Imagine if you owned a building. Let’s say it’s the largest and best building and everyone wanted to gather there to meet with friends and organize groups. Let’s say it’s such a fantastic building that no other buildings can rival it.

Now imagine that in one of the rooms of the building a group regularly got together to exchange the most hateful ideas. Then one day you turn on the news. That same group is on the television attacking the legislative branch of the United States. It is destroying government property and committing acts of terror. The group chanted to execute the Vice President of the United States.

Five people died. It could have been worse. Greater crimes had been planned but fortunately were averted.

You make the decision to ban that group from ever meeting in your building again. You’re horrified that it was in this building the planning unfolded to unleash pure chaos and even murder. Your building was a central location to nurture the ideas that then became actualized.

Because your building is the biggest and it’s used by so many should you be disallowed from banning said group? Of course not.

Let’s imagine a media outlet spent days criticizing you for not allowing the group to meet at your building. That this decision somehow violated their right to meet. Let’s say this media outlet focused not on the murder and criminality resulting from the meetings but the “wrongness” of kicking out the group to discuss their vitriol and plan further violence.

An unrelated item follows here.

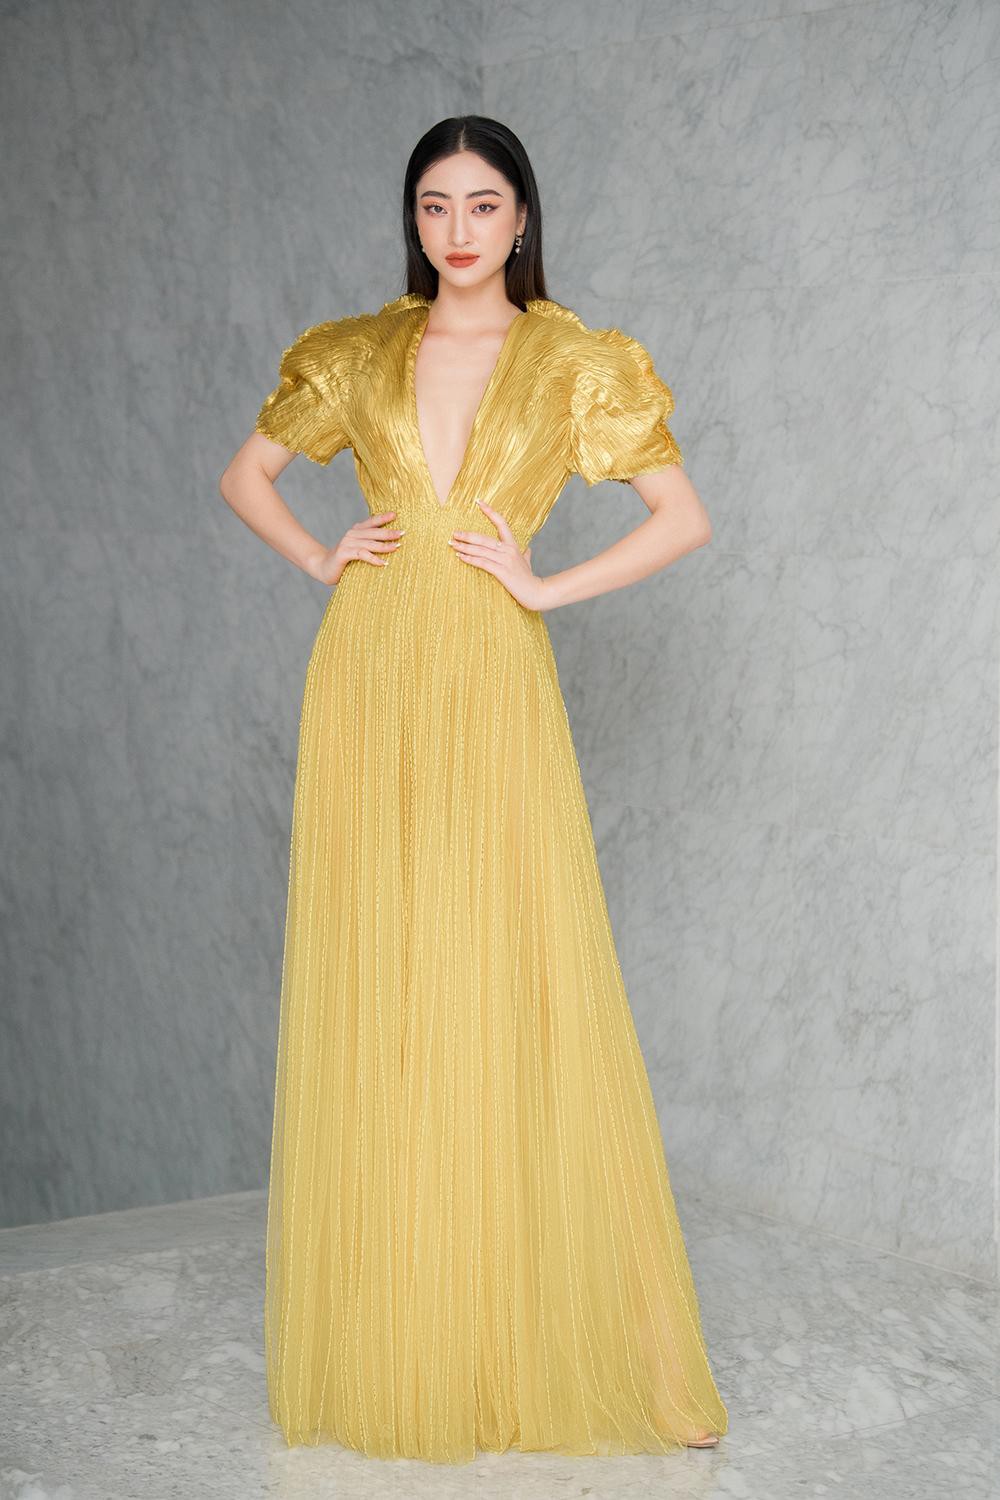 Hoa hậu Đỗ Thị Hà và Lương Thùy Linh nóng bỏng trong trang phục gam màu rực rỡ của nhà thiết kế Công Trí - Ảnh 7.

The buildings are, you guessed it, Facebook and Twitter. The media outlet is Fox.

The events that unfolded at the capital were long in the making. They were based on ideas shared and expressed on the platforms Facebook and Twitter. They have every right to no longer offer their virtual space as a meeting ground.

As for Fox “news,” it is disgusting that their focus is on the power of these platforms as opposed to the violence and loss of life and attack on the very foundation of democracy. They refuse to examine the causal factors of January 6th (for example, Trump’s idiotic rhetoric of fighting to get your country back). It’s perhaps because they’d be guilty of being part of that causal factor, of openly spreading disinformation about the election, and allowing their audience to believe the election was stolen. Or, of allowing their audience to believe that a Biden/Harris administration is the death of freedom and the gateway to socialism.

I’m so completely sickened by the images of January 6th. I’m scared that I share a country with people who invest in white supremacy and have found a hobby in terror. The education in this country is meant to imbibe us with good citizens, not foster horrific notions that ultimately manifest in violence. Media literacy is desperately needed. Basic logic skills are desperately needed. Then let’s move on to literature and culture and open up the avenue of empathy and appreciation for the different viewpoints of Americans.

But first, we cannot forget that “free speech” is not absolute by a government and it is not bestowed by a company. A business cannot take away free speech.

Be mindful of the ideas you see exchanged and interrupt racism and misinformation when you can. That, I believe, is the justice one can offer in the aftermath of January 6th.